Озабоченно-строгое выражение соскакивает с лица нашего помкомвзвода, он смеется и крутит головой, приговаривая: «Вот дает, чертов хохол!»
* * *
Весь день мы работаем в карьере. Там же и обедаем: суп и неизменную «блондинку» привозят в огромных термосах. Растительность возле карьера чахлая, пропыленная, а солнце сегодня припекает. Блестят голые потные спины. Стучат ложки о стенки котелков. Щерба, быстро управившись с обедом, бродит среди кустов, выщипывает какую-то травку, пробует ее на вкус.
– На подножный корм перешел, тезка? – спрашиваю я, тщательно облизывая алюминиевую ложку и заворачивая ее в обрывок газеты. Ложка – первая, так сказать, подруга бойца, она всегда при себе – в кармане или за голенищем.

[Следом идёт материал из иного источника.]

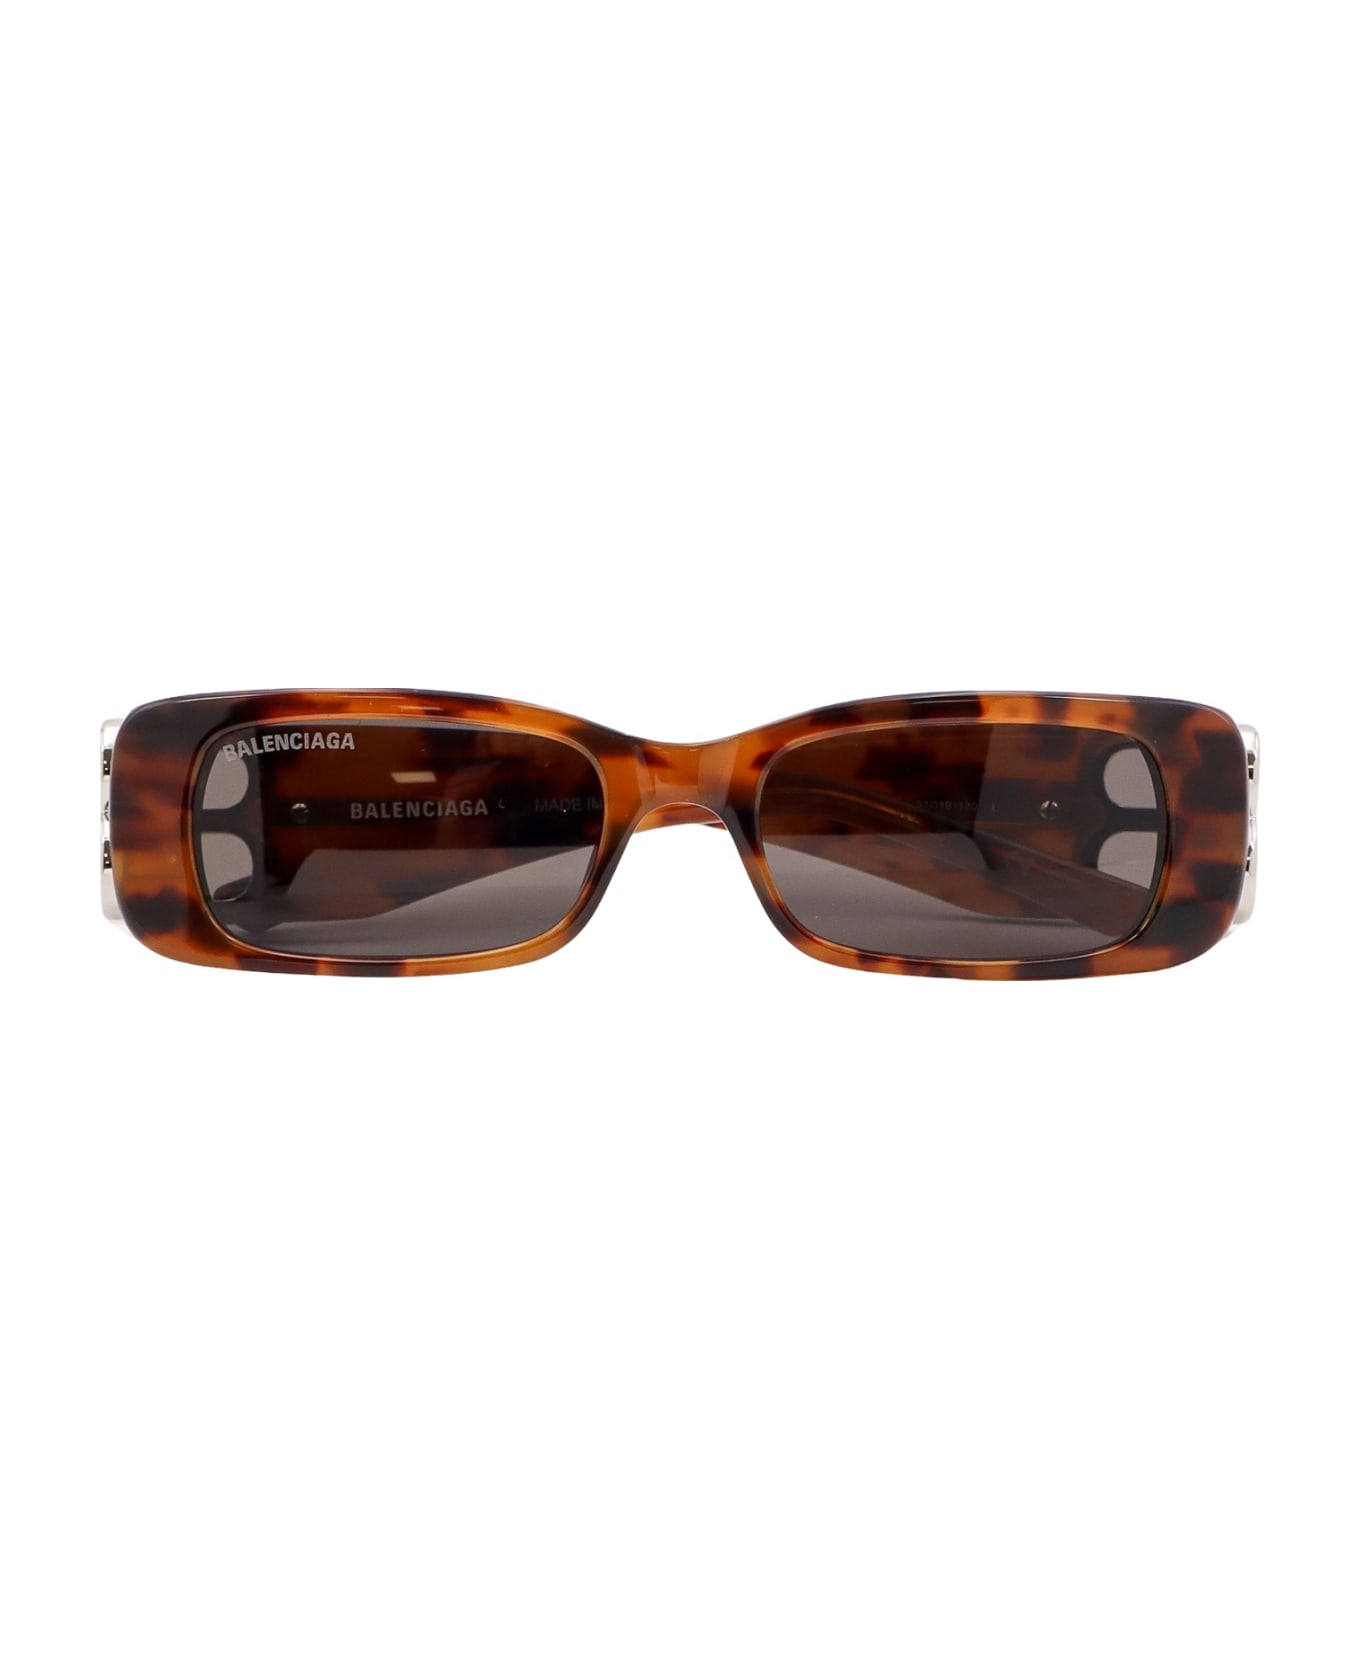 Balenciaga Sunglasses - Brown サングラス

– А вот пожуй, – отвечает Щерба и протягивает на грязноватой ладони нежно-зеленые продолговатые листочки на тонких стебельках. – Это знаешь что? Щавéй.
– А ну, ну! – заинтересовывается Агапкин. Он сосредоточенно жует листочки и авторитетно заключает: – Кислица это, вот что.
– По-вашему кислица, а у нас говорат – щавей, – возражает Щерба. – Щавей – вари не жалей.
– Говорат, говорат, – передразнивает Агапкин.
Я тоже пробую пожевать листочки щавеля, они кисленькие, много не съешь, но ничего. Приятно даже. Мы лежим на травке – кто в тени, а кто на солнце.
Впрочем, солнце уже заволакивают облака. Они наплывают, наплывают, и я, лежа на спине, смотрю на медленное их движение. Мысли тоже плывут вразброд, и вот я переношусь в Ленинград. Сейчас в Академии художеств экзаменационная горячка. Бывшие мои однокурсники корпят над конспектами, над толстыми томами Алпатова. Точнее – однокурсницы: почти все парни из нашей группы призваны в армию. Что там на нынешней сессии? Русское искусство XVIII века, западноевропейское средневековье, Восток… Учите, зубрите, девочки. Стиль пламенеющей готики – горящая свеча, не так ли?.. Мне вас уже не догнать, но – ничего, я ведь и не собираюсь подаваться в искусствоведы. Кончу службу – буду держать на архитектурный факультет. Вот только не рисую теперь, времени не хватает. Жаль…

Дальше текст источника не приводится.